Par où commencer ? Commençons au hasard, par le musicien. Dès son entrée à l'Ecole, il s'inscrit dans un conservatoire de musique. Six ans plus tard, agrégé de physique et chimie, il joue remarquablement du piano, de la flûte traversière, de la guitare, du saxophone, de la contrebasse, de la trompette et j'en oublie. Il épouse Roselyne pendant sa troisième année d'Ecole. Ils se séparèrent vingt ans plus tard et il épouse alors une jeune élève du conservatoire.

En quatrième année, je passe beaucoup de temps chez lui et Roselyne car, binômés pour la préparation de l'agrégation, nous faisons les révisions ensemble. De sa bouche, une phrase sur deux est une contrepèterie, sans recherche, sans effort. Il fera de cette facilité son second métier : musicien des mots. Ecrire des contrepèteries comme des morceaux de musique et en faire une théorie : L'art de décaler les sons et, pour les enfants, La vie des mots.
L'art de décaler les sons C'est lui qui, depuis 1984, apporte chaque mercredi l'Album de la Comtesse au Canard Enchaîné. Disciple de Luc Etienne, auquel il succéda dans cette mission ?

Lui parlerais-je de vendanges ?
Ah, pour rien au monde je t'enduirais les serpettes de rouge, répondrait-il, du tac au tac.
Ou des vachers du Cézallier,
– Ah, ceux-là, je te leur dirais taisez-vous ! Laissez vos bêtes se reposer !

En plus de son métier de chercheur en physique atomique au CEA de Saclay, il écrit chaque semaine le journal du Centre. Et c'est aussi un montagnard et un très bon skieur.
Sa famille possédant un des plus vieux chalets de Peisey-Nancroix, en Tarentaise, Joël et moi nous retrouvions souvent sur les pistes de ski, puis nous nous arrêtions à son chalet pour les incontournables parties de scrabble. Il était imbattable. Et le soir, son chalet étant voisin du nôtre, le dominant d'une petite trentaine de mètres, il nous criait :

Taisez-vous tous en bas !

C'était aussi un bon alpiniste.

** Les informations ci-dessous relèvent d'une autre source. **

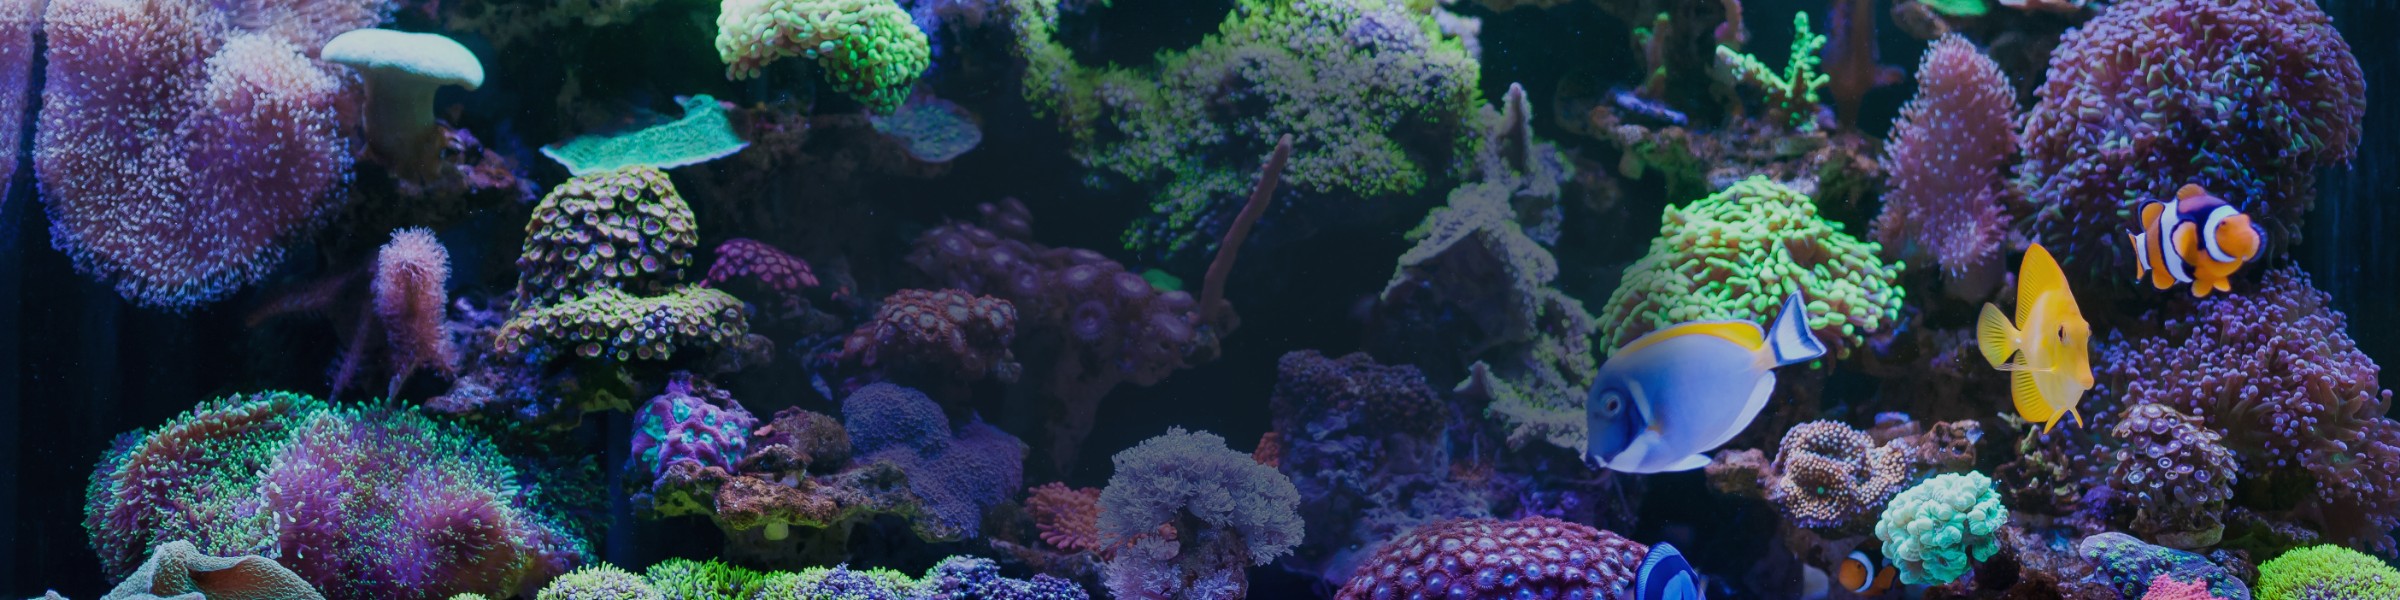 The Ultimate Coral Reef Tank Setup Checklist

Nous faisions souvent cordée à deux, surtout dans le Massif de la Vanoise :
La traversée du Bellecôte, cette longue course, se fit sans commentaire de sa part, mais l'Aiguille de la Vanoise fut une escalade assez difficile :
Quelle lutte, peste ! s'écriait-il.

Que n'ai-je pensé à écrire, dans mon récent Coffiots, la fin de casses... ?, au chapitre 20, que le directeur de cabinet avait le plus gros malus du Finistère !

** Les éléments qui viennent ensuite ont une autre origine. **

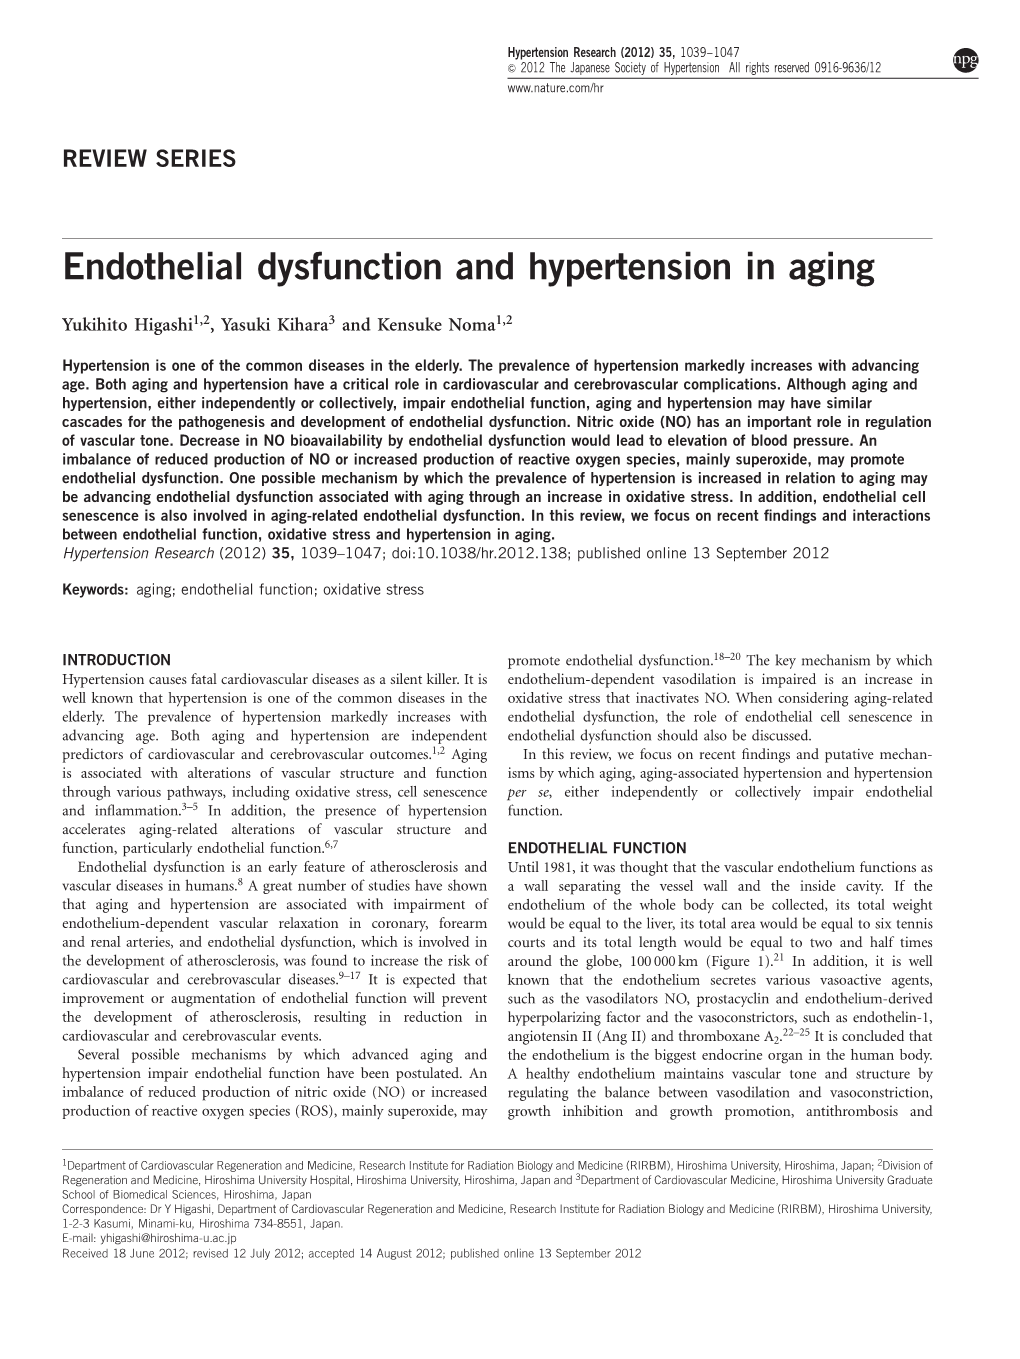 Endothelial Dysfunction and Hypertension in Aging

Que nous dit Joël : "Sachons détecter et faire bon usage de tels mots contrepétogènes : acculer, balcon, berge, biaiser, biner, butte, caisse, concierge, consensus, délation, fine, fouille, génisse, mine, nouilles, phlébite, poncho, poutre, roussette, scorpion, site, tennis, vergeture, et bien d'autres."

Joël en a si bien fait usage de ces mots - et de tant d'autres ! - qu'il est maintenant accroché comme il faut - et comme nous, auteurs "alexandrins", nous aimerions l'être - par un grand éditeur. Pour lui, c'est essentiellement Albin Michel, comme en témoigne cette liste impressionnante de publications par cette maison :
Les contrepétines (album jeunesse) ; L'art des mots, l'eau des marres (album jeunesse) ; Manuel de contrepet ; Des prénoms fous, fous, fous (album jeunesse) ; La vie des mots, l'ami des veaux (album jeunesse) ; La bible du contrepet (Somme, anthologie, classification, théorie).

Et chez d'autres aussi : Le dico de la contrepèterie (ed. Seuil) ; Des contrepèteries (ed. First) ; Le petit livre des contrepèteries (ed. First) ; La bible du contrepet (Robert Laffont).